Another way to study this might be to look at two groups of folks sent to the same EHR in the same hospital: one group would have health plans with high actuarial values and hence would spend more insurance money for their care. The other group would have low actuarial value plans and would spend less insurance money on their plans…and more OOP. The OOP payments would on average be slower and less efficiently collected so that the actual amount of money spent on these two groups would differ, with the former spending more.
By eliminating a few more variables this way we might have a more truthful result.
Though I like the idea behind the study I agree with the paramedic and would need a lot more information.
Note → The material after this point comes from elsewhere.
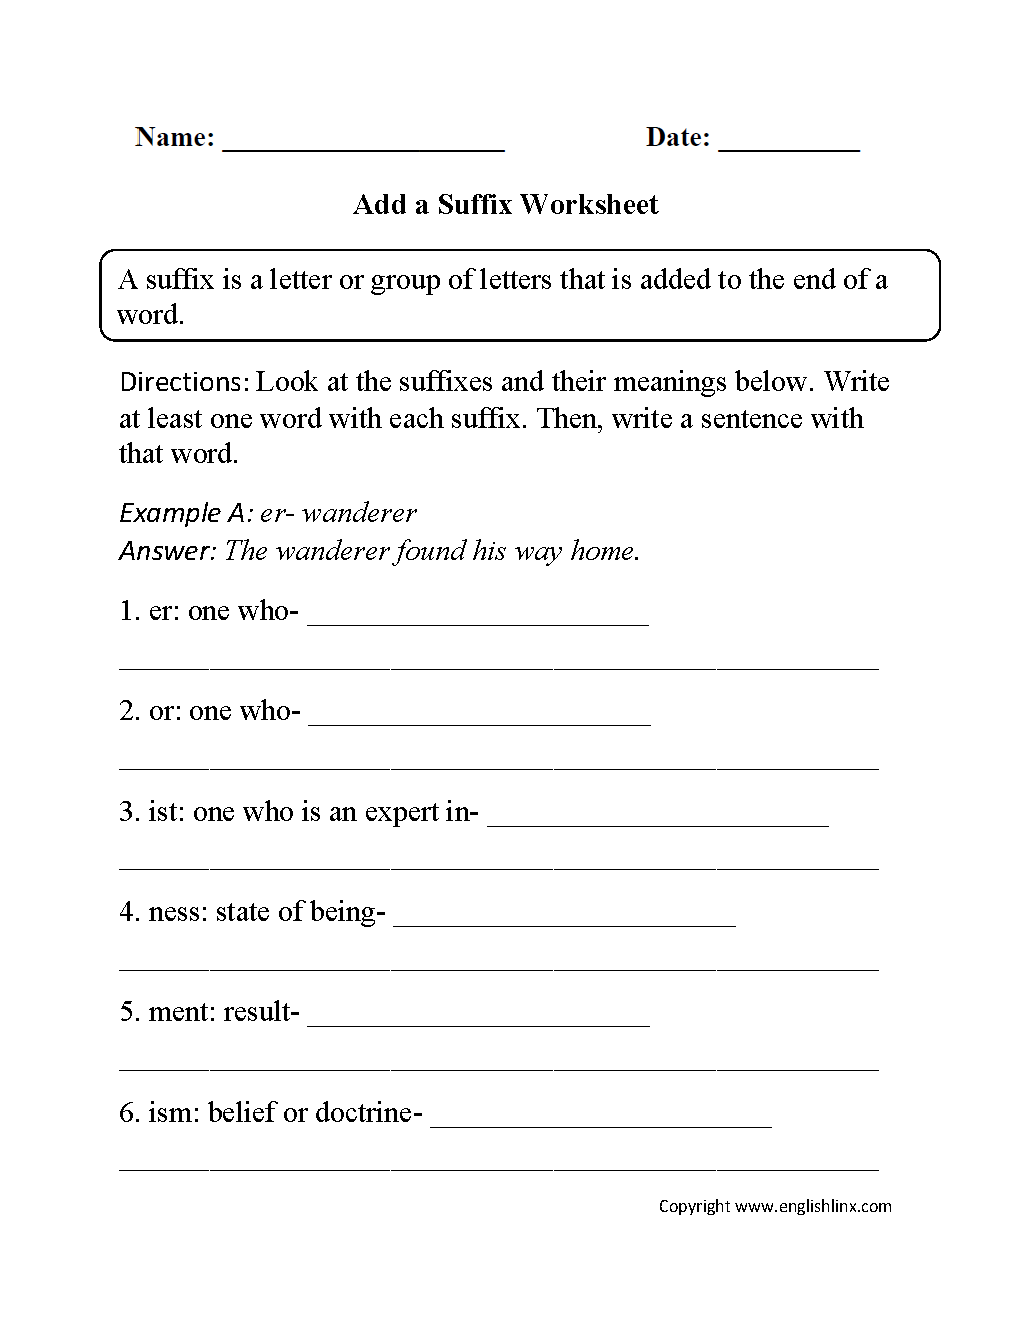 Add a Suffix Worksheet

The choice of vacation in Florida is very much determined by socio economic factors. That is true even for where people choose to live.
Don’t have the time to read the full papers – thank you for the summary.
One point though (as a former paramedic): where EMS takes a patient is FAR from random.
1) Trauma/Burn, etc. activations introduce concurrent acuity and destination bias (e.g. guy in MVA gets taken to low-cost (tertiary/county hospital) center of care. Does not do well.
2) Well-insured (read: higher SES and [thus] probably better health at baseline) patients will categorically state which hospital they want to go to. And they don’t ask to go to ABC County Hospital. They ask to go to a higher cost center of care. Again, destination and prior health status bias.
Would love to hear if the EMS-drive studies corrected for these.
Less spending=fewer nurses spending more time filling out EHR grids=less surveillance of patients who need it the most=medical catasrophes and death.
Then, there is the obligate, “patient was ok and we just found him/her unresponsive”.